= Problem details =
Extract every record, exactly as written, and ignore the pictures.

START Dataset entries

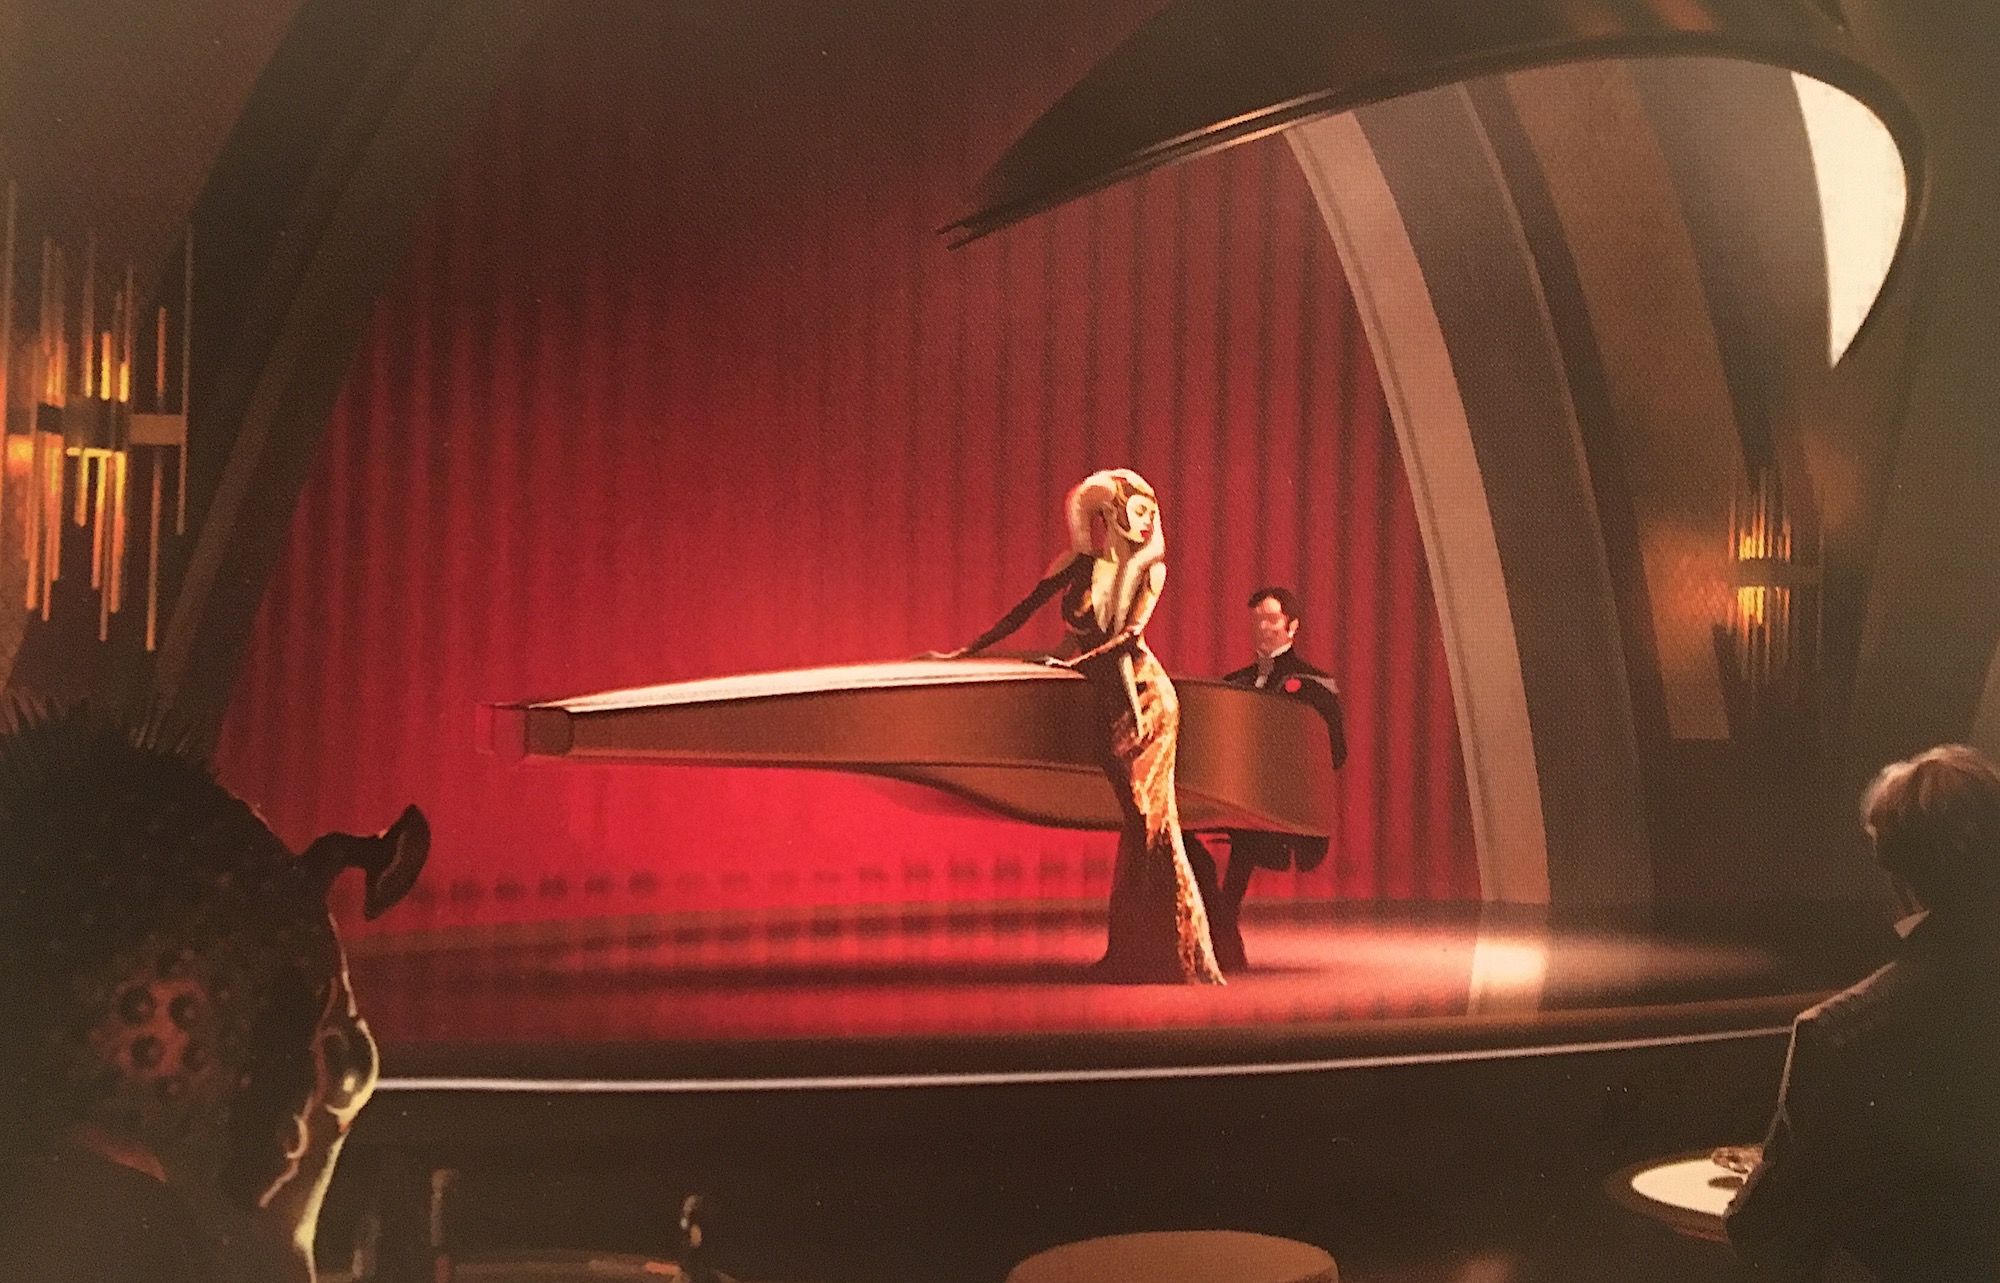 An alternate introduction to the Master Codebreaker in Star Wars The Last Jedi concept art
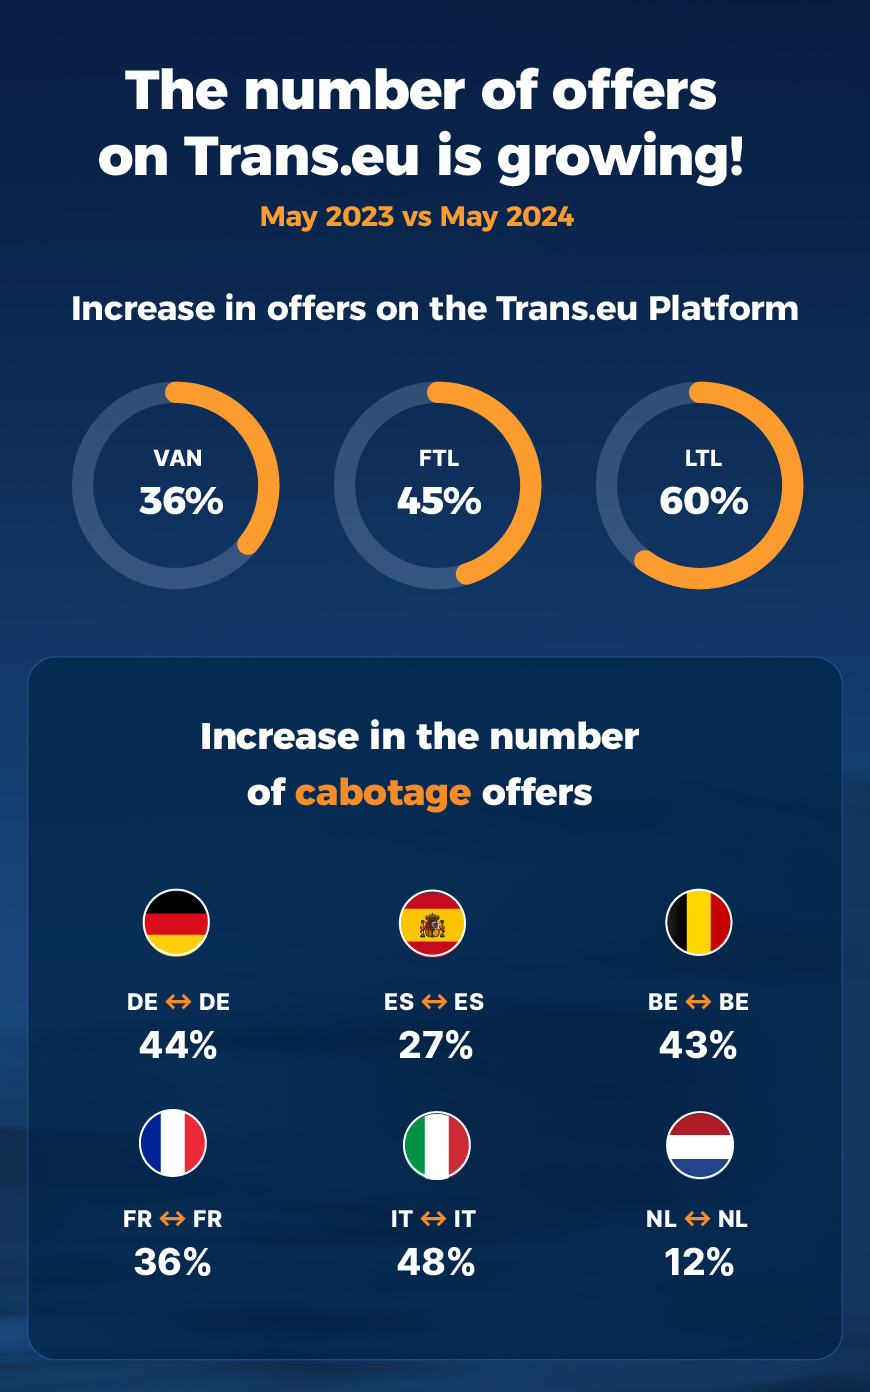 The number of offers on Trans.eu is growing!
May 2023 vs May 2024
Increase in offers on the Trans.eu Platform
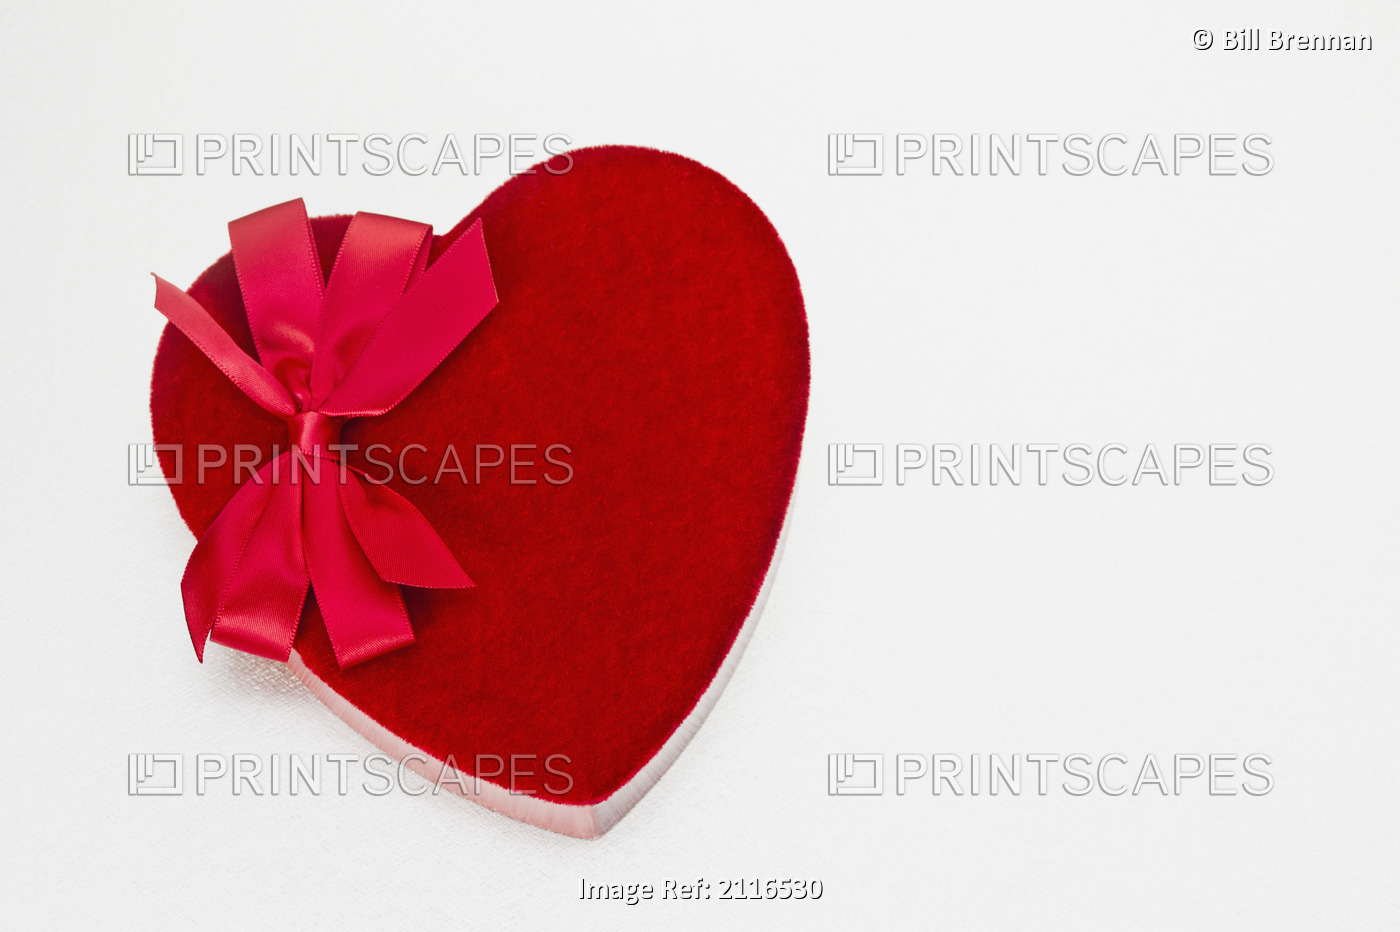 Valentines heart-shaped candy box against white background.
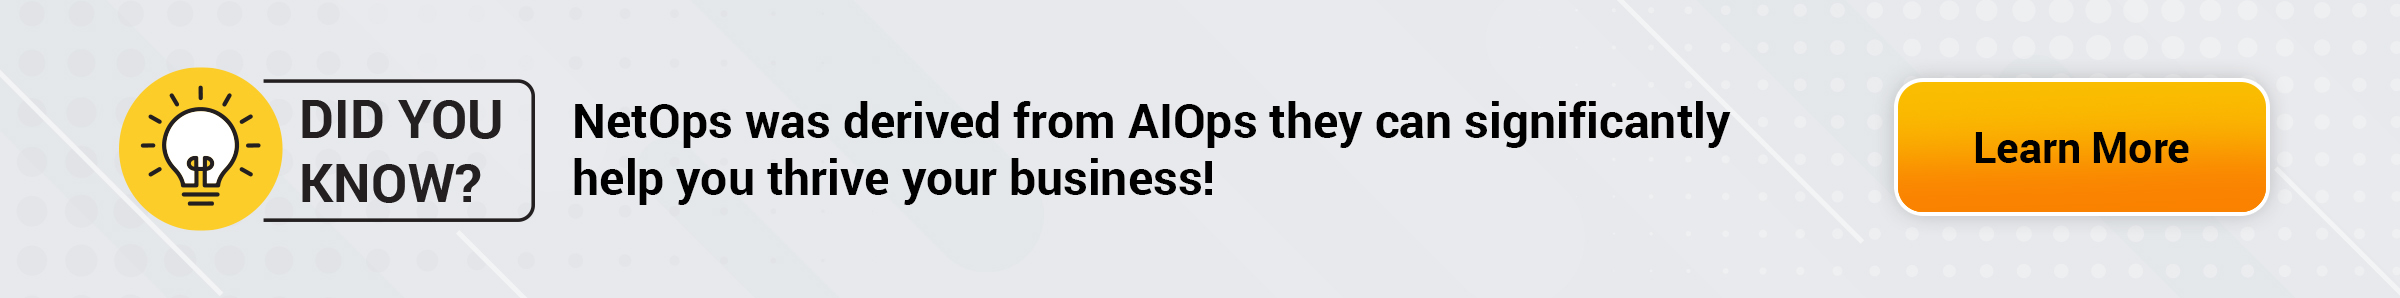 Netops and aiops for business growth

END Dataset entries

= Expected answer =
 An alternate introduction to the Master Codebreaker in Star Wars The Last Jedi concept art
 The number of offers on Trans.eu is growing!
May 2023 vs May 2024
Increase in offers on the Trans.eu Platform
 Valentines heart-shaped candy box against white background.
 Netops and aiops for business growth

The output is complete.